If you're talking about the speed of other languages than C#, then most of the time is in the compilers itself, not the fairly limited pre- and post-processing we do. We have a pretty sophisticated setup (at least, I think it is...) for handling the 1,500 compiler/language combinations, hundreds of libraries etc (around 2TB of data), but there's always tradeoffs between fast start-up time, manageability and simplicity of adding new compilers, and the run-time performance of running the compilers etc.
A small tip when visiting godbolt: you can use the name of the language you're interested in as a subdomain, to get a page immediately set up for that language, rather than starting with the default C++. For example https://erlang.godbolt.org or https://rust.godbolt.org
It only works for languages, not compilers. _almost_ everything *.godbolt.org resolves to Compiler Explorer (I have some other projects at this domain), but *.compiler-explorer.com and *.godbo.lt always point at CE.
I'm not sure how many languages have alternative compilers available, but I suppose you could make that a feature request: to have a direct way to choose the compiler with the a subdomain too. https://clang.c.godbolt.org Or maybe it would make more sense in the path: https://c.godbolt.org/clang
When I was still programming in C++ that tool was the method to discuss compiler internals and language semantics with colleagues. Just setup a minimal example and share it with your colleagues. Impressive and sad at the same time. Impressive for obvious reasons. Sad, because the language is so confabulated that there is no easy concise way to talk about its semantics.
I also use it for this purpose, however I have come to hate the way other people use it for this. I have a colleague who has really no idea what he's talking about with respect to machine performance, and who did not have the requisite knowledge of how to peep at the assembly code of a given function with the standard tools like objdump, who now loves to send everyone godbolt links in slack, along with his suppositions about which function will be faster, based entirely on vibes (mostly, instruction count). This drives me up the wall. I wish there was some minimum height needed to ride godbolt.
I go to some pain in my talks to say "instruction count is not a good proxy for performance", but unfortunately folks do still use it. It's handy to say "hey, there's no loop in this output" or "this loop does 3 multiplies; the alternative does two and an add" or similar. It's a mixed blessing to have brought the compiler output to the masses, I can only hope it starts a useful learning process!

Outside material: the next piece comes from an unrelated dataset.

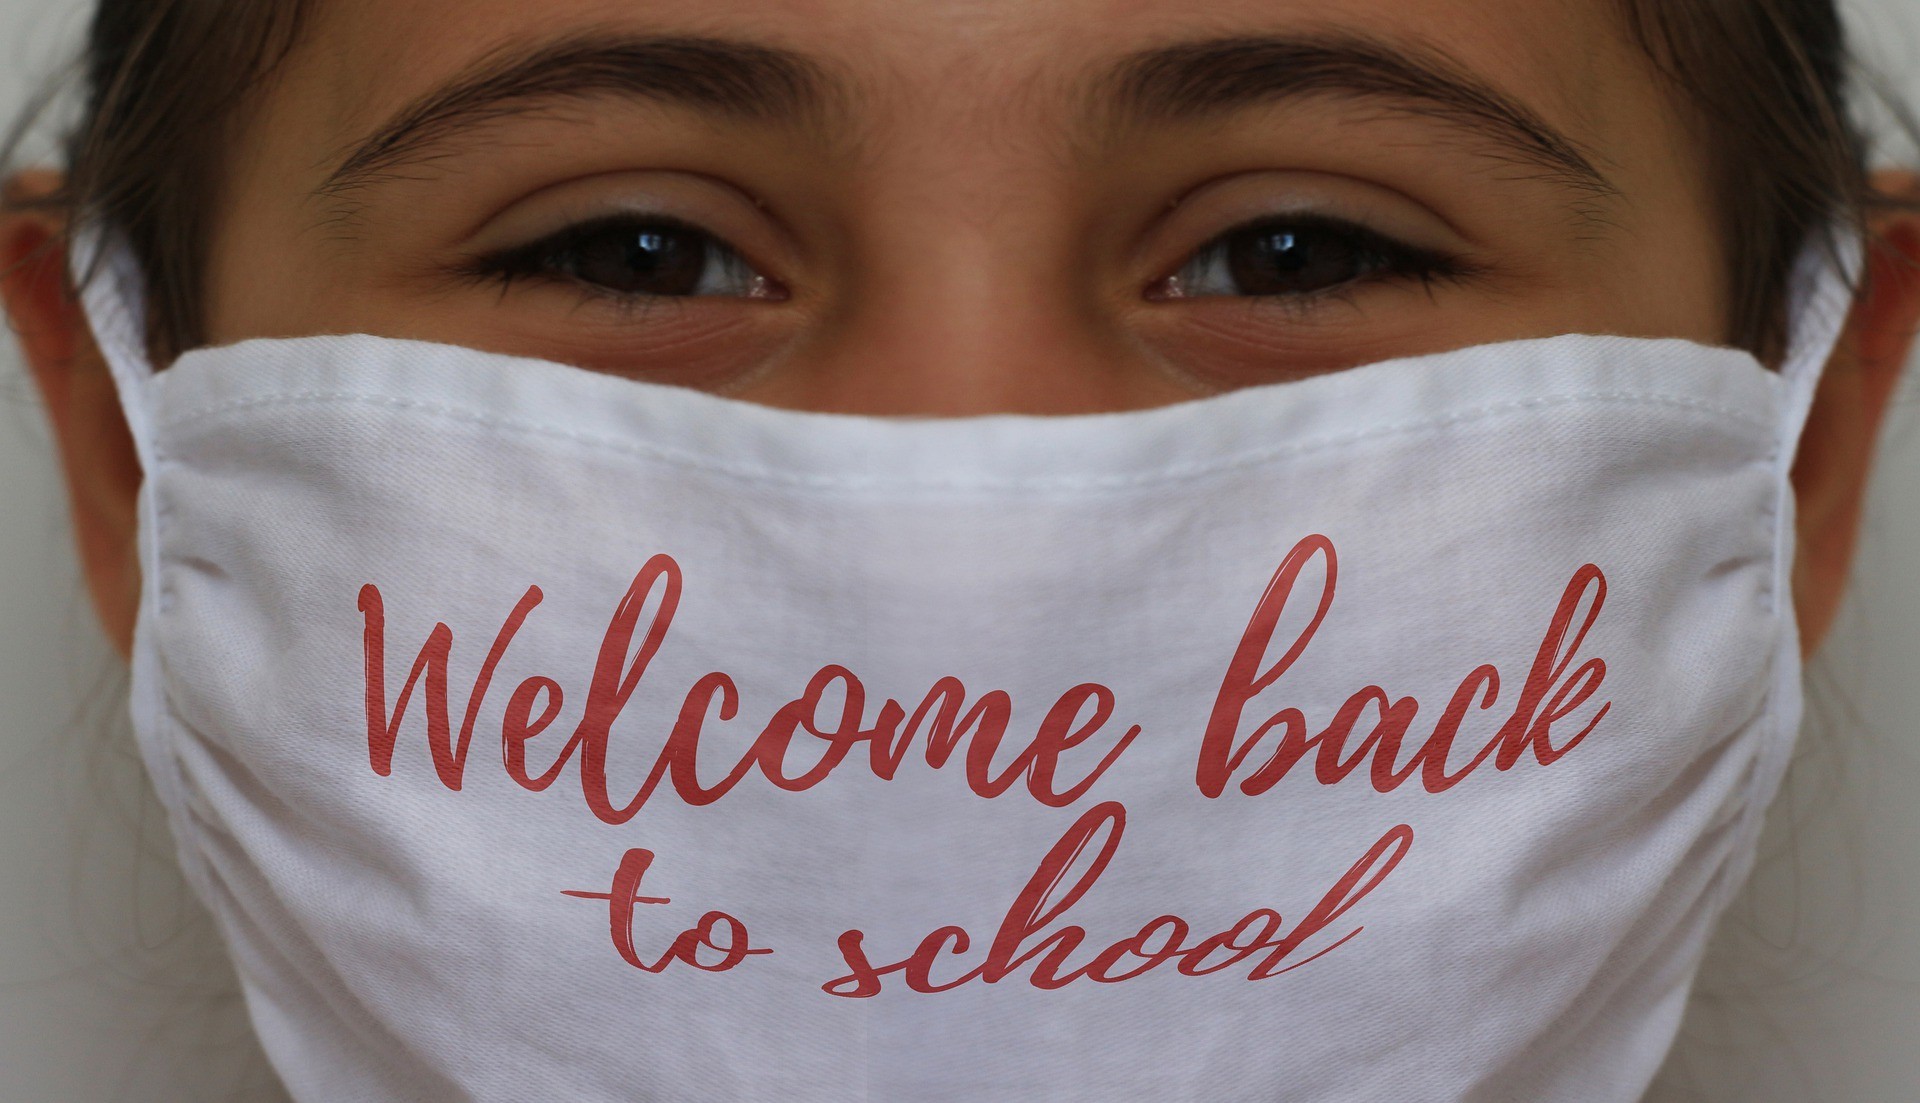 A scuola con la mascherina. 3 sistemi psicologia per aiutare tuo figlio a settembre

Now any load from the L3 cache memory or from the main memory takes much more time than any other instruction (not counting exceptions generated by instructions, which include many memory accesses that slow them down, or deprecated instructions that are kept for backwards compatibility and that are executed by long microcode sequences).
Assuming that "caring about performance" = "you are in a tight loop": Here's a tool that simulates/visualizes instruction flow and data dependencies over multiple loop iterations.
Paste in assembly code, check "Trace Table" and run, then "Open Trace". Not sure if it will help with your annoying colleague, but it gives a much more concrete idea about how a processor will execute any given code.
Or, if you want to channel their energy into something slightly more direct, there's also https://quick-bench.com/ which allows easy micro-benchmarking. Still not guaranteed to be relevant to any real-world scenario, but more data-driven than "vibes".
Using Compiler Explorer to see how different compilers interpret the same code, or understanding the generated ABI, or if various pragmas are or are not working, etc., is a very good use of it--I suspect most compiler developers at this point more or less have a tab of Compiler Explorer permanently open at this point.
> I have a colleague who has really no idea what he's talking about with respect to machine performance, and who did not have the requisite knowledge of how to peep at the assembly code of a given function with the standard tools like objdump, who now loves to send everyone godbolt links in slack, along with his suppositions about which function will be faster, based entirely on vibes (mostly, instruction count).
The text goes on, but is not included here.